WHAT TO WORK ON =
Type out the lines below exactly, pictures excluded.

SUPPLIED DATA =
##########
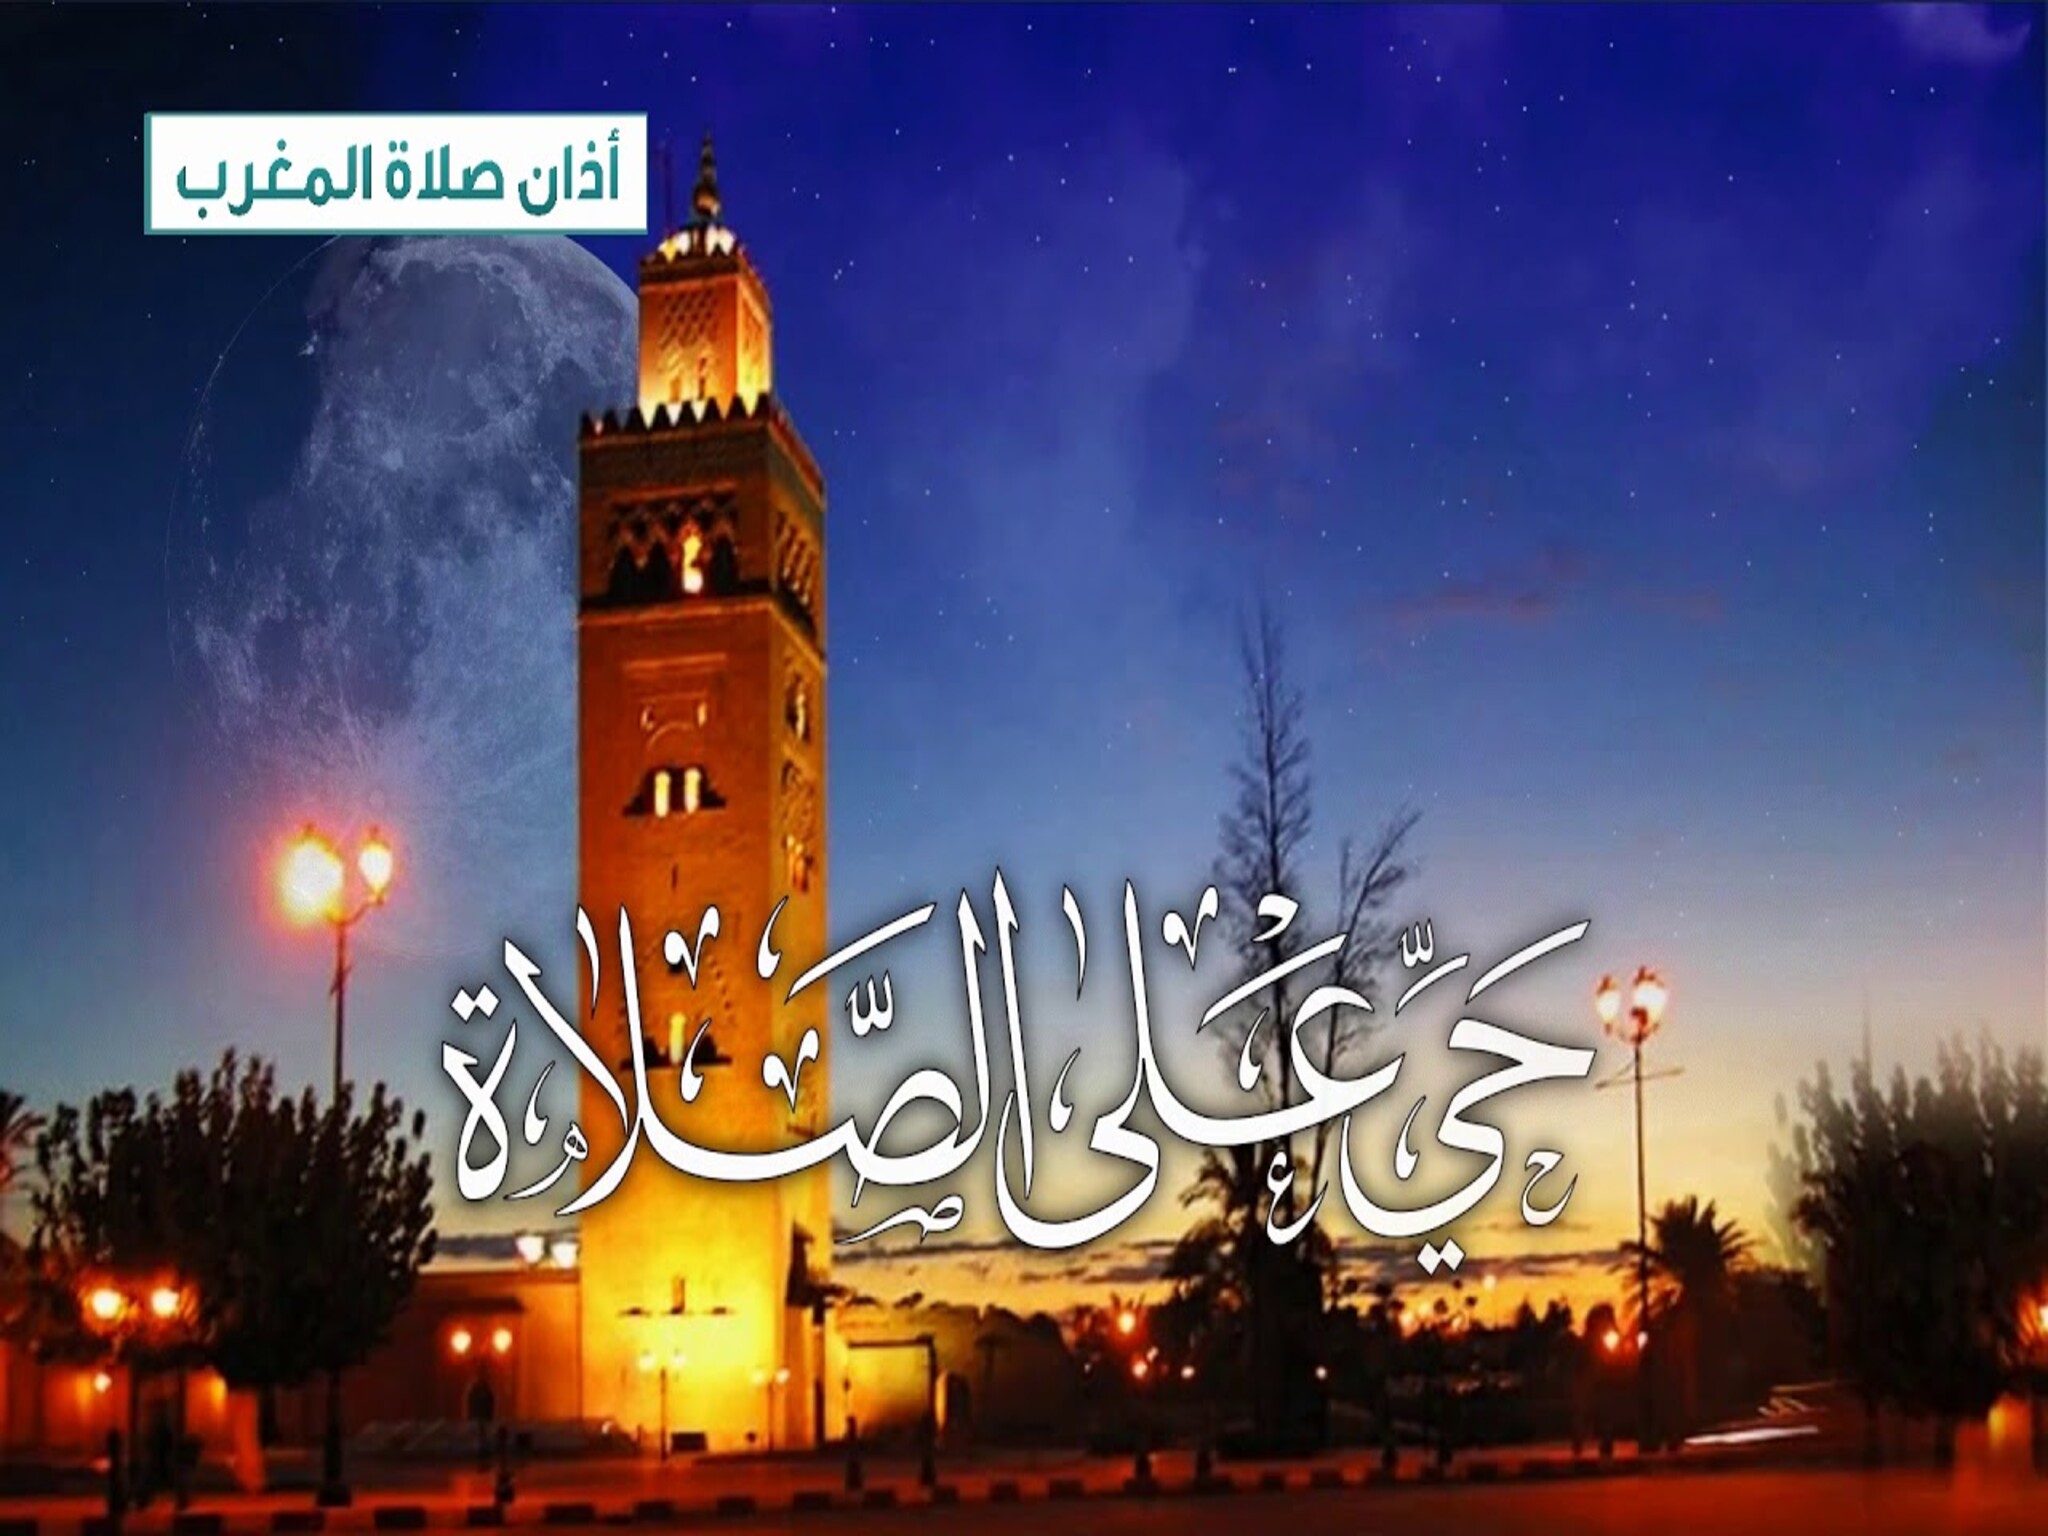 إعلان أسباب تأخير أذان المغرب في السعودية 3 دقائق في رمضان
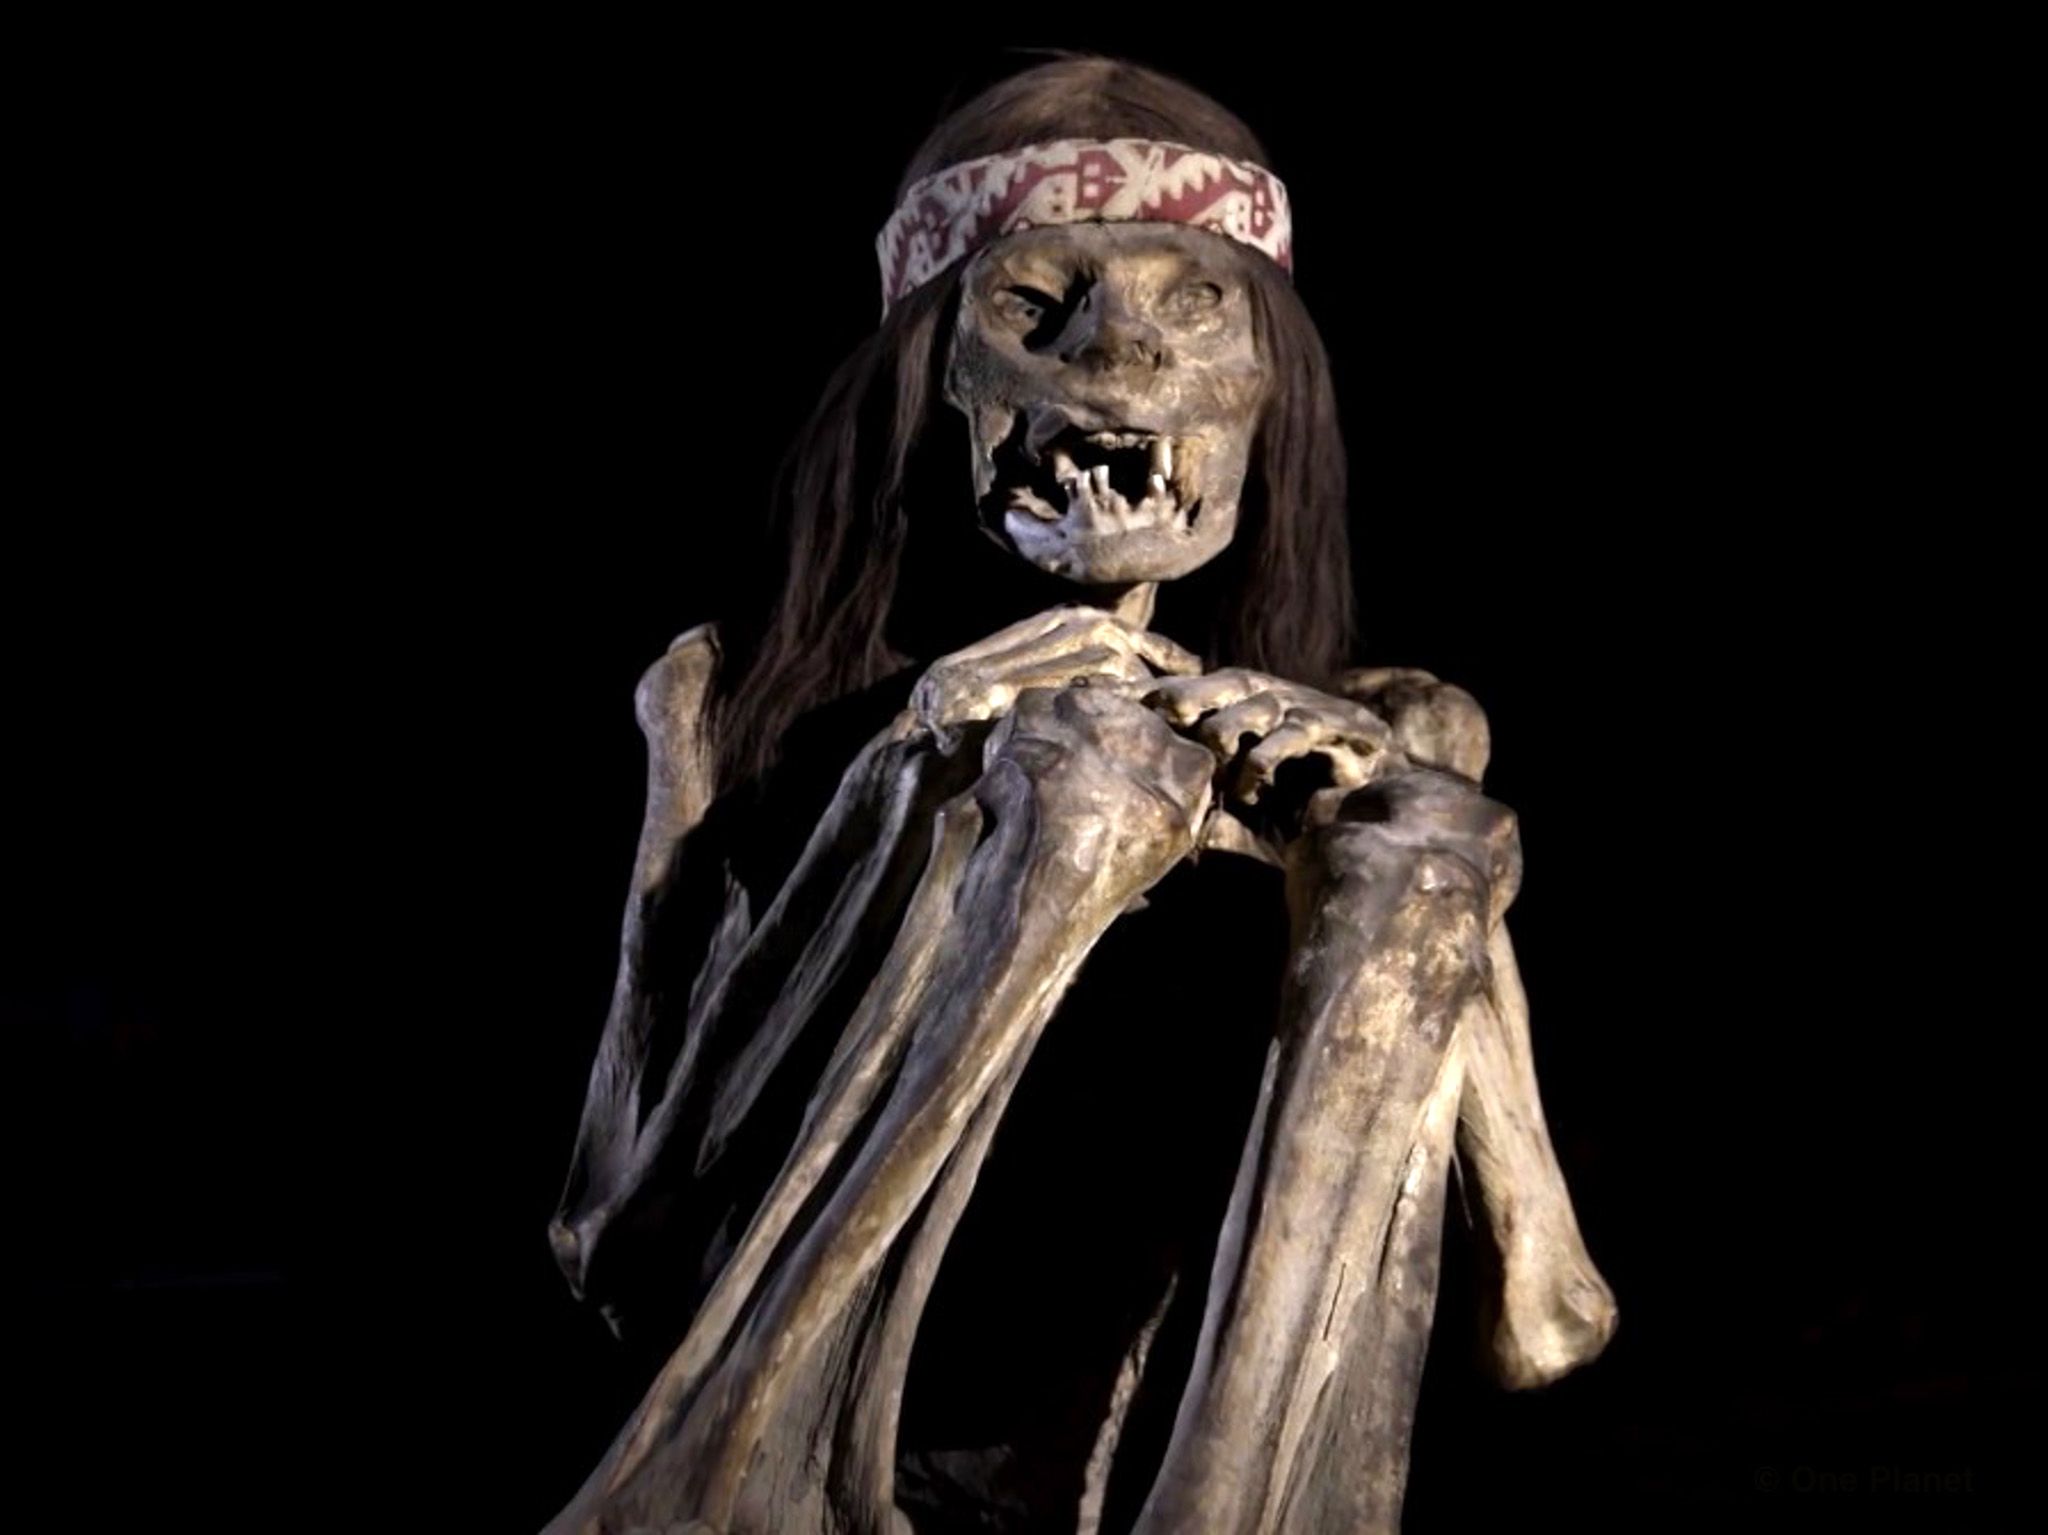 مومياء محفوظة في متحف إيكا الإقليمي في بيرو. هذه... [Photo of the day - سبتمبر 2019]
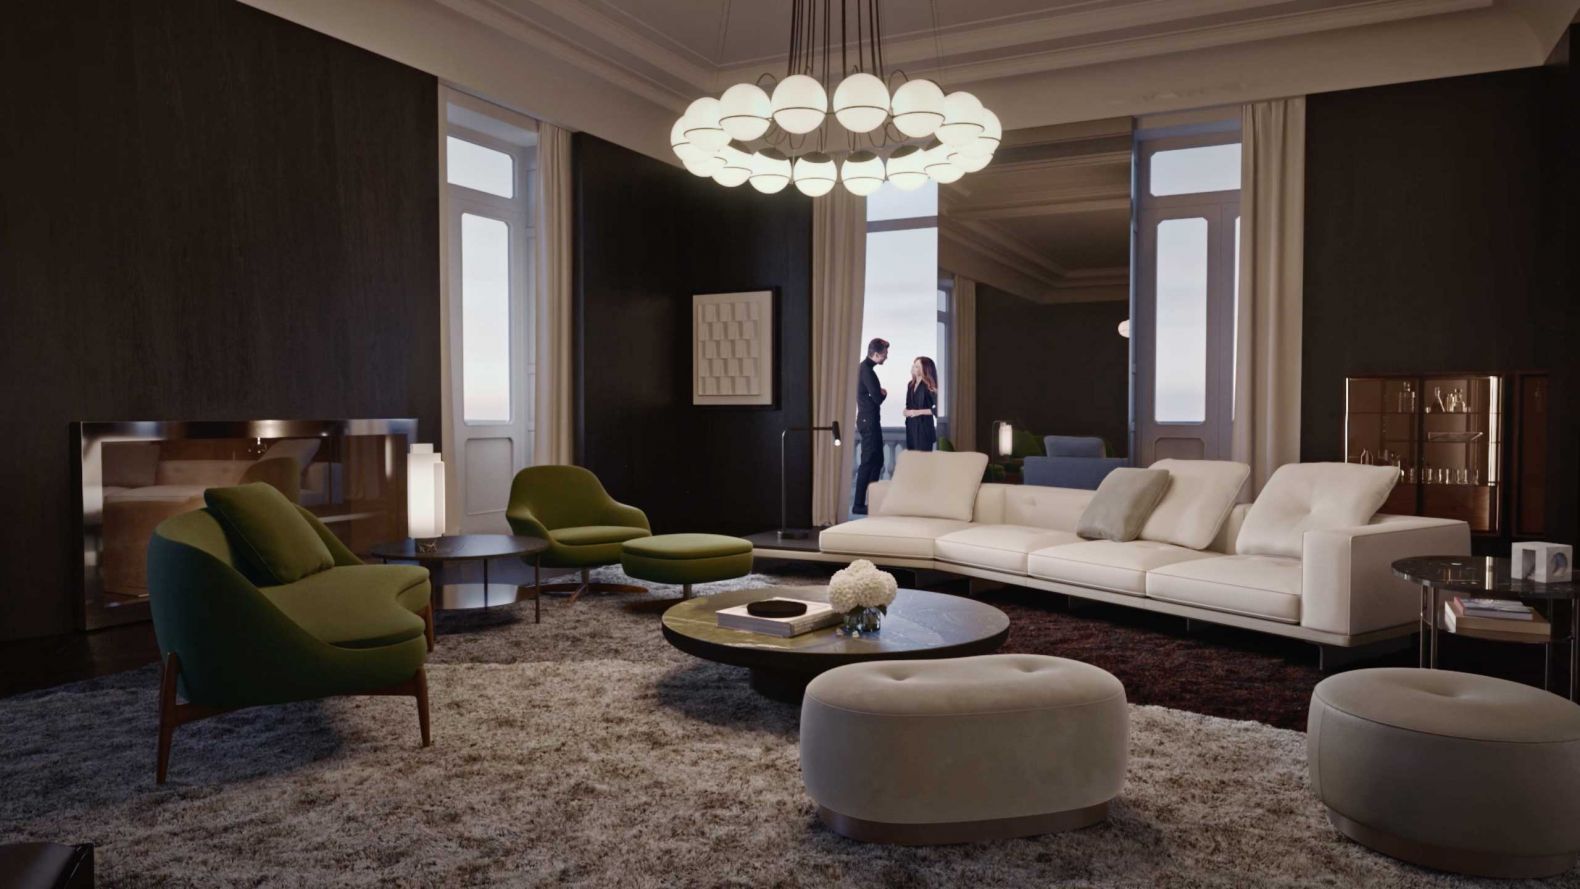 Die Designmöbel von Minotti sprechen eine universelle Sprache, die zu allen Innenräumen und Lebensweisen passt.
##########
RESPONSE TO THIS EXERCISE =
 إعلان أسباب تأخير أذان المغرب في السعودية 3 دقائق في رمضان
 مومياء محفوظة في متحف إيكا الإقليمي في بيرو. هذه... [Photo of the day - سبتمبر 2019]
 Die Designmöbel von Minotti sprechen eine universelle Sprache, die zu allen Innenräumen und Lebensweisen passt.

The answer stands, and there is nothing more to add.